═════ Data section ═════

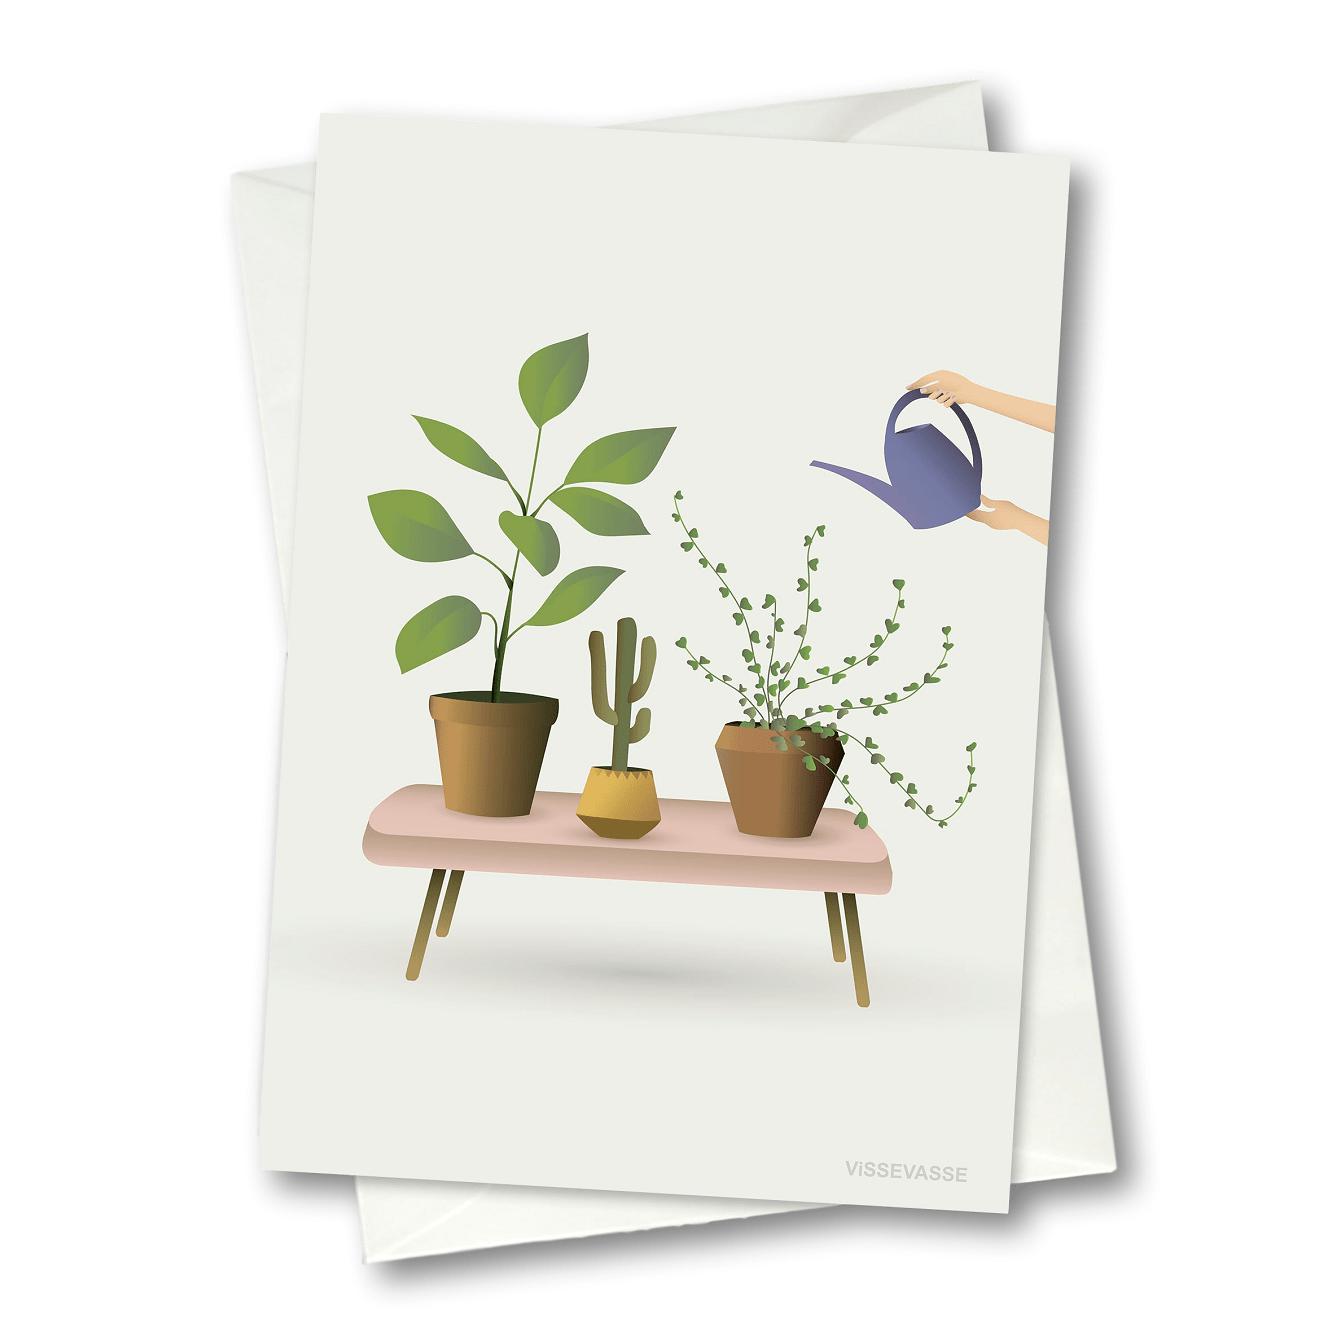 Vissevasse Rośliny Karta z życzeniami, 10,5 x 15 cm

═════
═════ Data section ═════

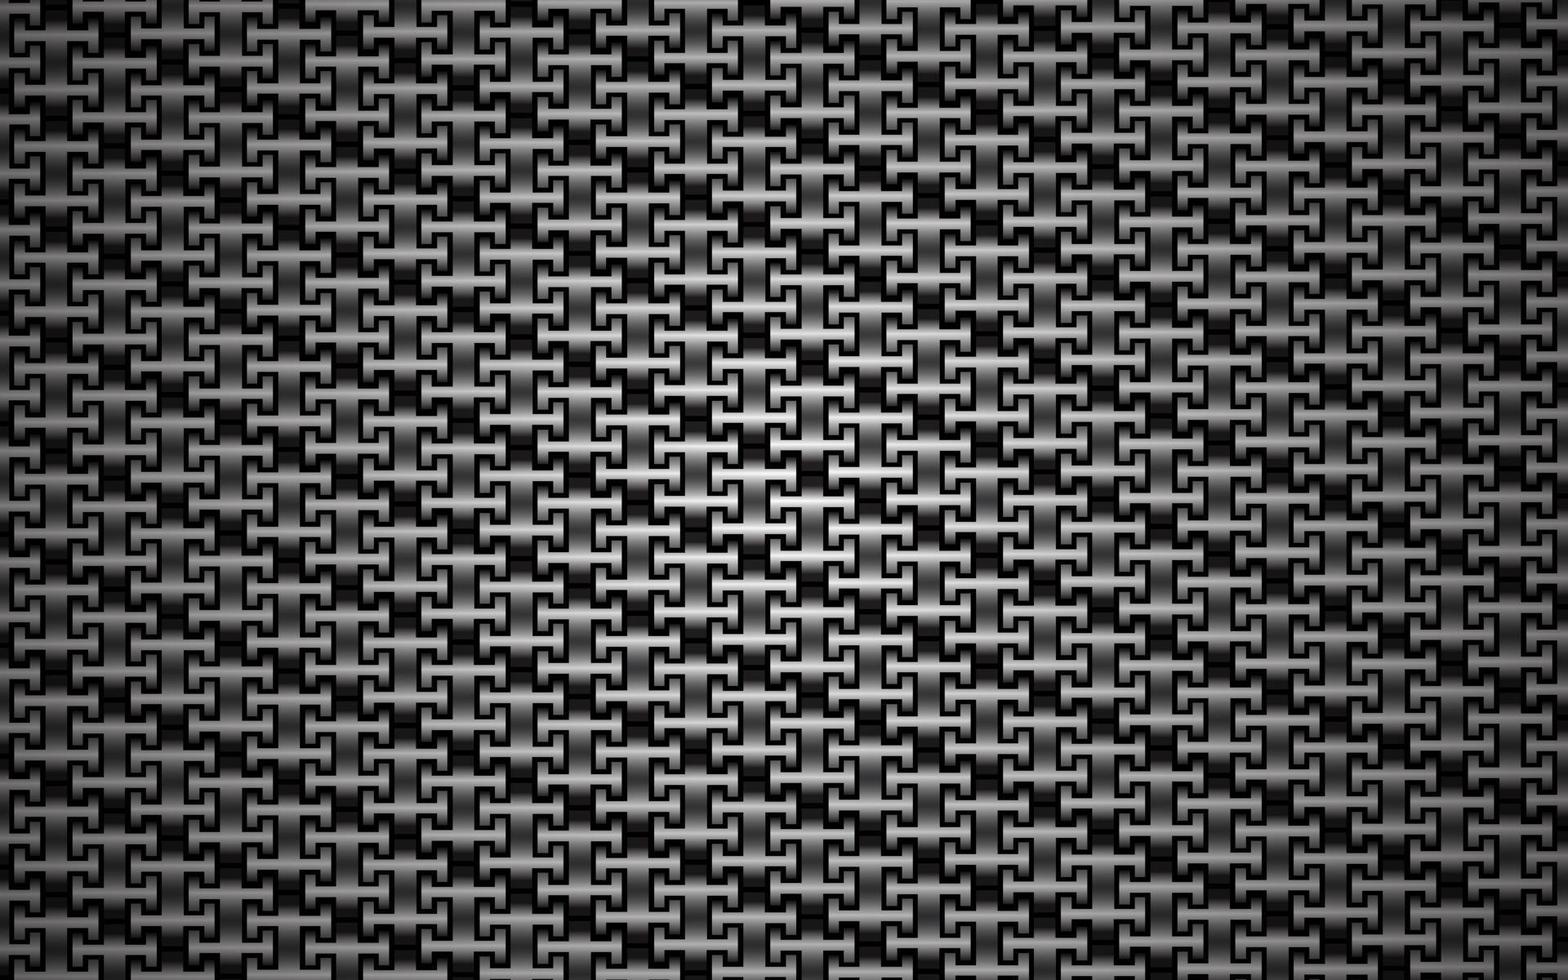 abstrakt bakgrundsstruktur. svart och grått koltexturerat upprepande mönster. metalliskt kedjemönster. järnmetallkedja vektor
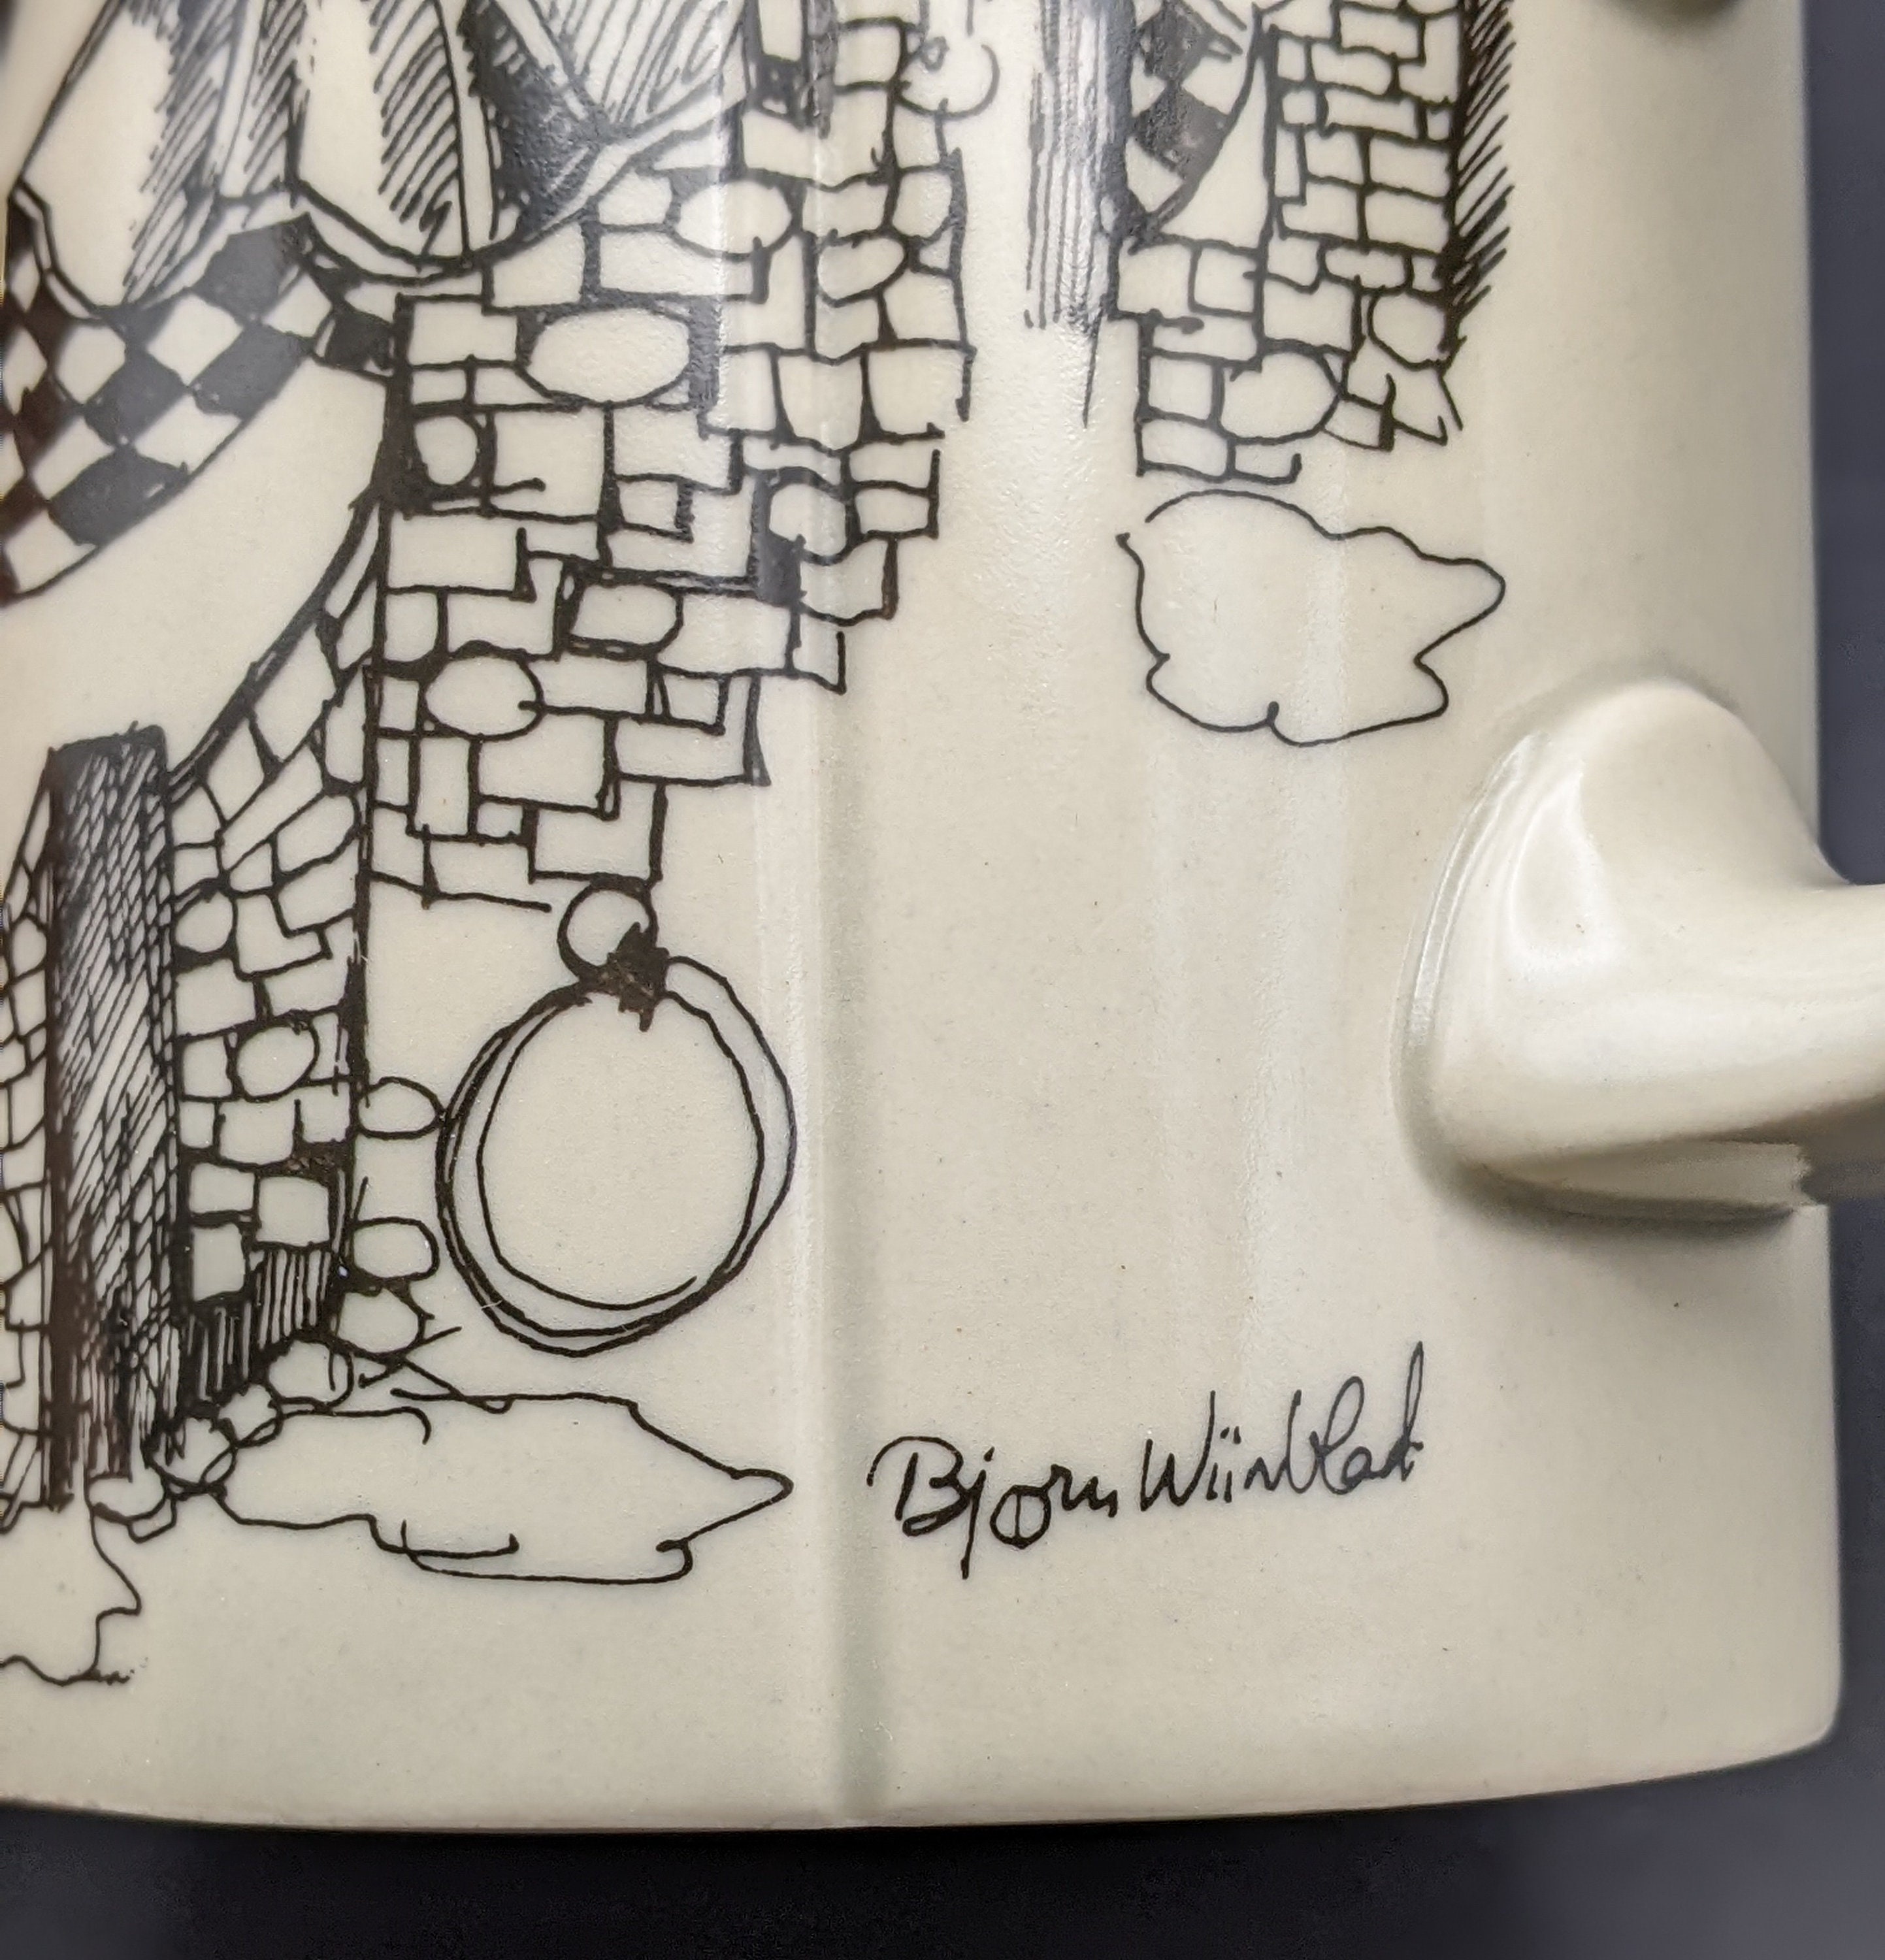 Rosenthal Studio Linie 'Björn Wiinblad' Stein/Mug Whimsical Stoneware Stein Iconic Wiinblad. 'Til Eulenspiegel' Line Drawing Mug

═════
═════ Data section ═════

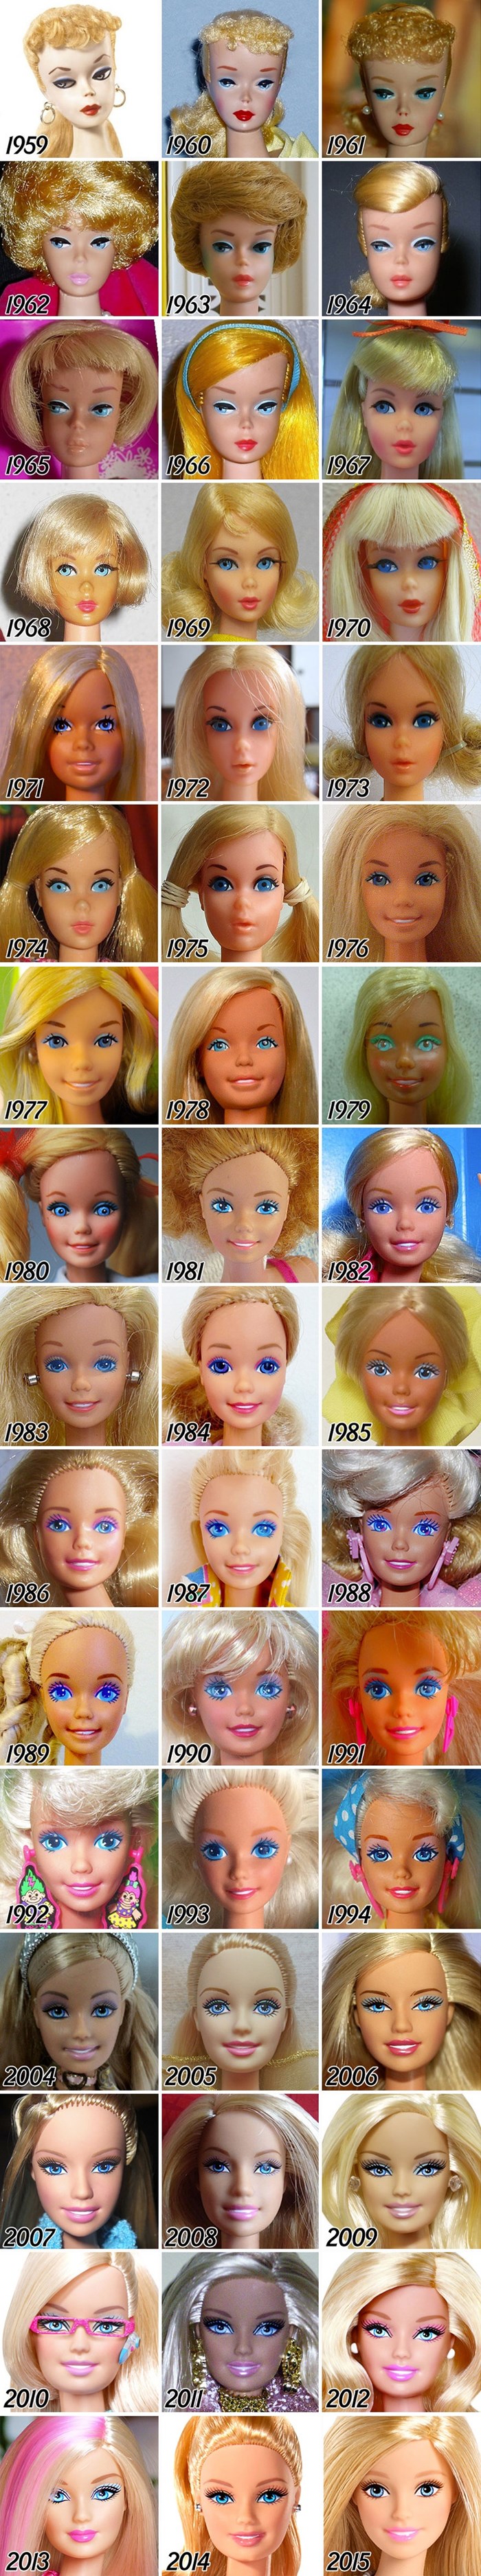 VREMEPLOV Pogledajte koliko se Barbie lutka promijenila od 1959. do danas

═════

• [Directions] Write down exactly what the lines above say, from the line holding "abstrakt bakgrundsstruktur. svart" through the line holding "Rosenthal Studio Linie", and nothing more. Do not copy the pictures.

• [Task solution]
 abstrakt bakgrundsstruktur. svart och grått koltexturerat upprepande mönster. metalliskt kedjemönster. järnmetallkedja vektor
 Rosenthal Studio Linie 'Björn Wiinblad' Stein/Mug Whimsical Stoneware Stein Iconic Wiinblad. 'Til Eulenspiegel' Line Drawing Mug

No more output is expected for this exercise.